Пани Лацкая незаметно улыбнулась и тихо спросила:
— Ты не боишься встречи с твоим мужем?
— Он никогда не бывает на увеселениях; да, впрочем, мне все равно. Разве он здесь?
— Кажется, он хотел приехать.
— Ты полагаешь? — спросила с беспокойством m-me Тереза. — О, это отравило бы мне весь вечер! — и она грациозно склонила свою головку. — Ясь верно тоже с ним? Он всегда с ним; увижу ли я его? Но нет, нет, перестанем говорить об этом: я чувствую, как этот разговор раздражает мои нервы. Ты начала было говорить о своей подруге Ирине.
— Подруге?! Ха, ха! — с иронией сказала m-me Лацкая.
— Итак, она тоже чудачка?
— Самое странное существо на земле; и если бы твой муж был моложе — как раз ему жена: они друг друга отлично понимают и уважают.
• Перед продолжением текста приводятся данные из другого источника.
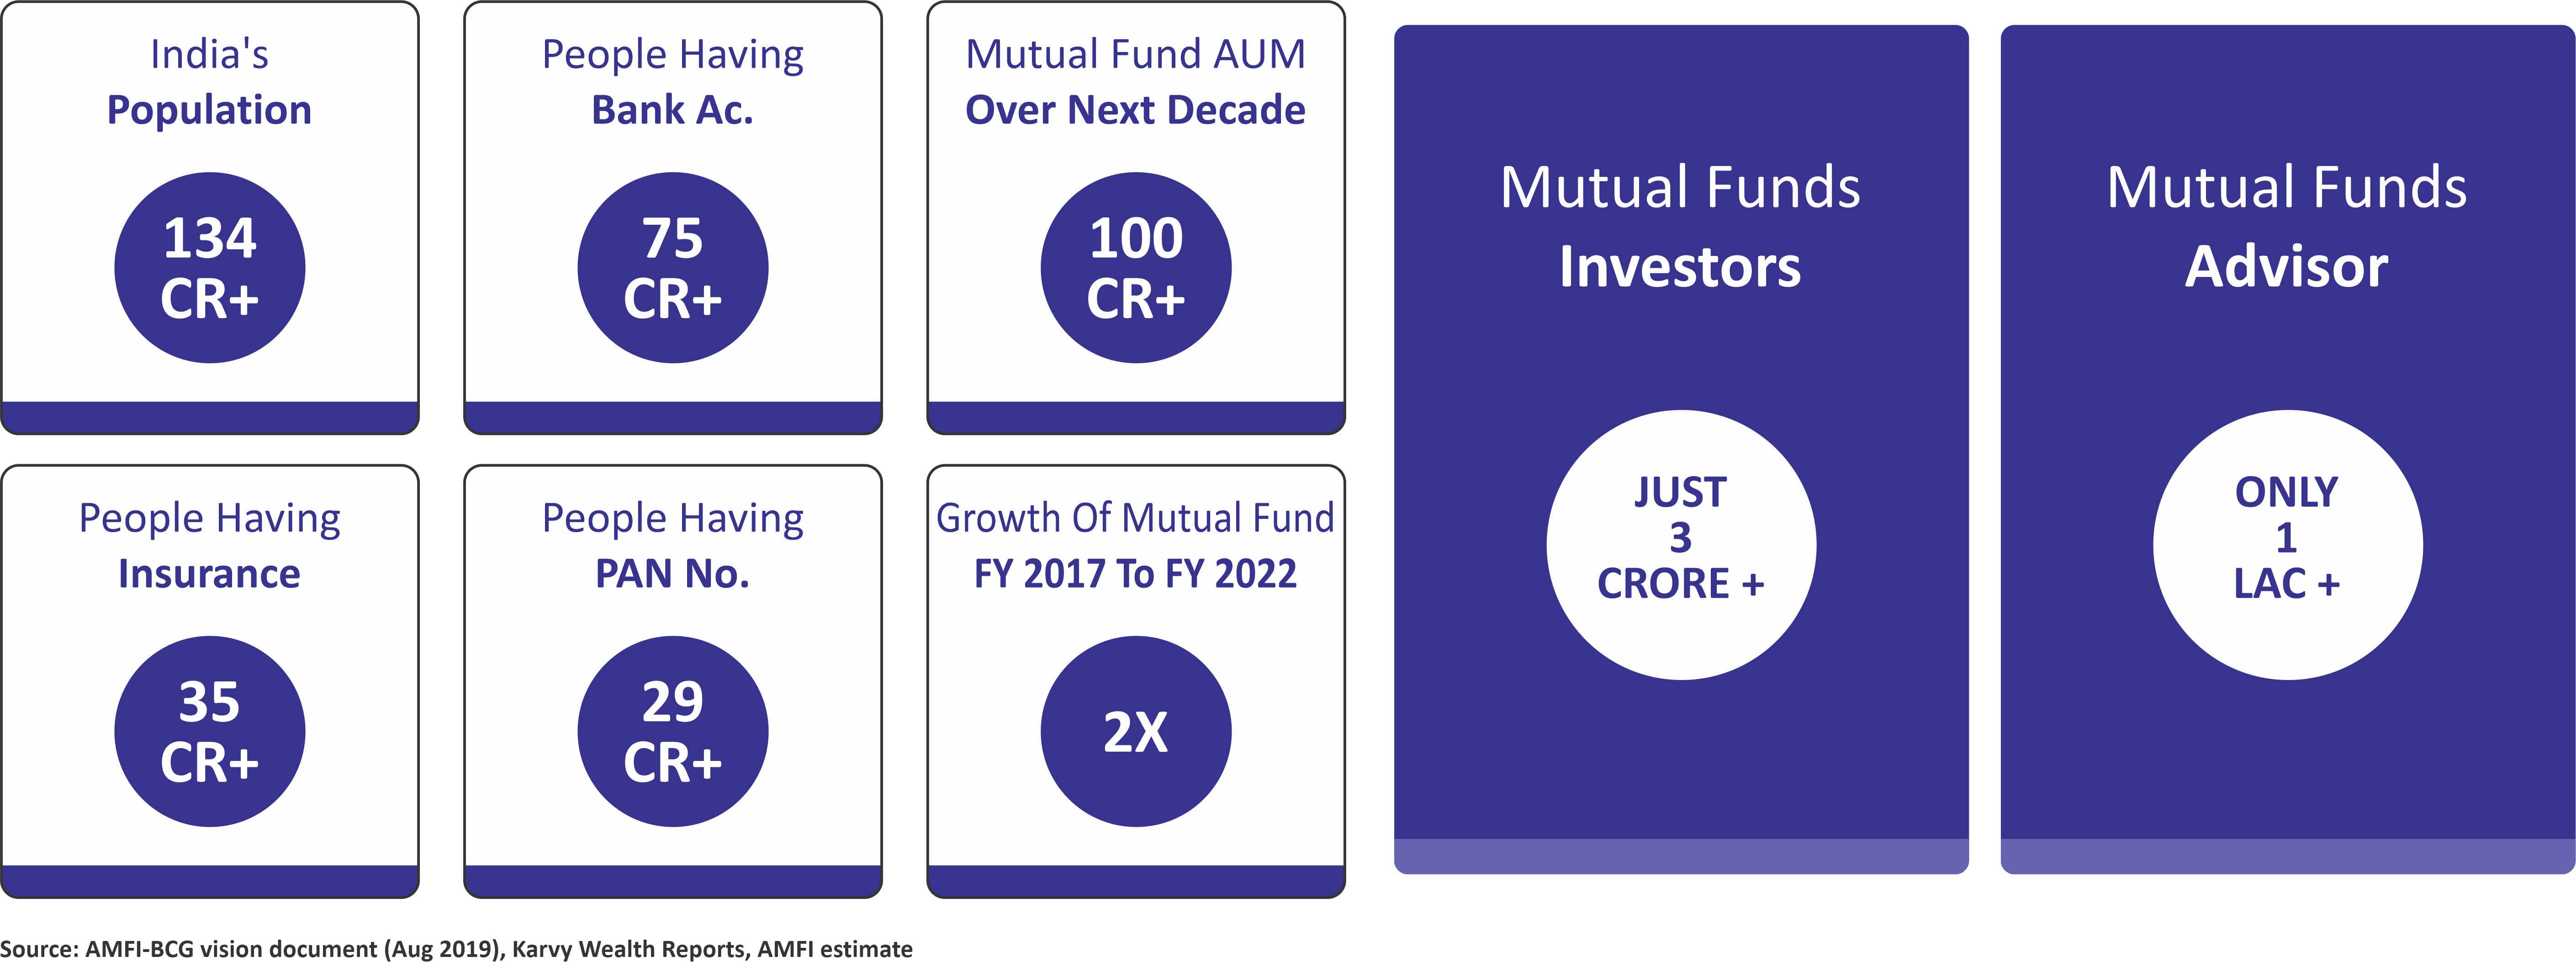 Opportunities for Mutual Fund Advisor

Панна Тереза пожала плечами.
— Она просто чудовище!
— Да, но очень красивое чудовище! Представь себе женщину, которая ездит верхом, спасает людей от пожара, перевязывает раны и лечит, по целым часам ведет поучительные разговоры с мужиками и деревенскими детьми, читает немецких философов, над которыми смеется, не верит в Бальзака и в его знание женского сердца, играет на фортепиано, как ученик Листа, рисует картины, как Калям, издевается над балами, увеселениями, над чужестранными обычаями и вряд ли она тайком не пишет, потому что у нее часто пальцы запачканы чернилами. Ко всему этому присоедини еще экзальтированное ханжество…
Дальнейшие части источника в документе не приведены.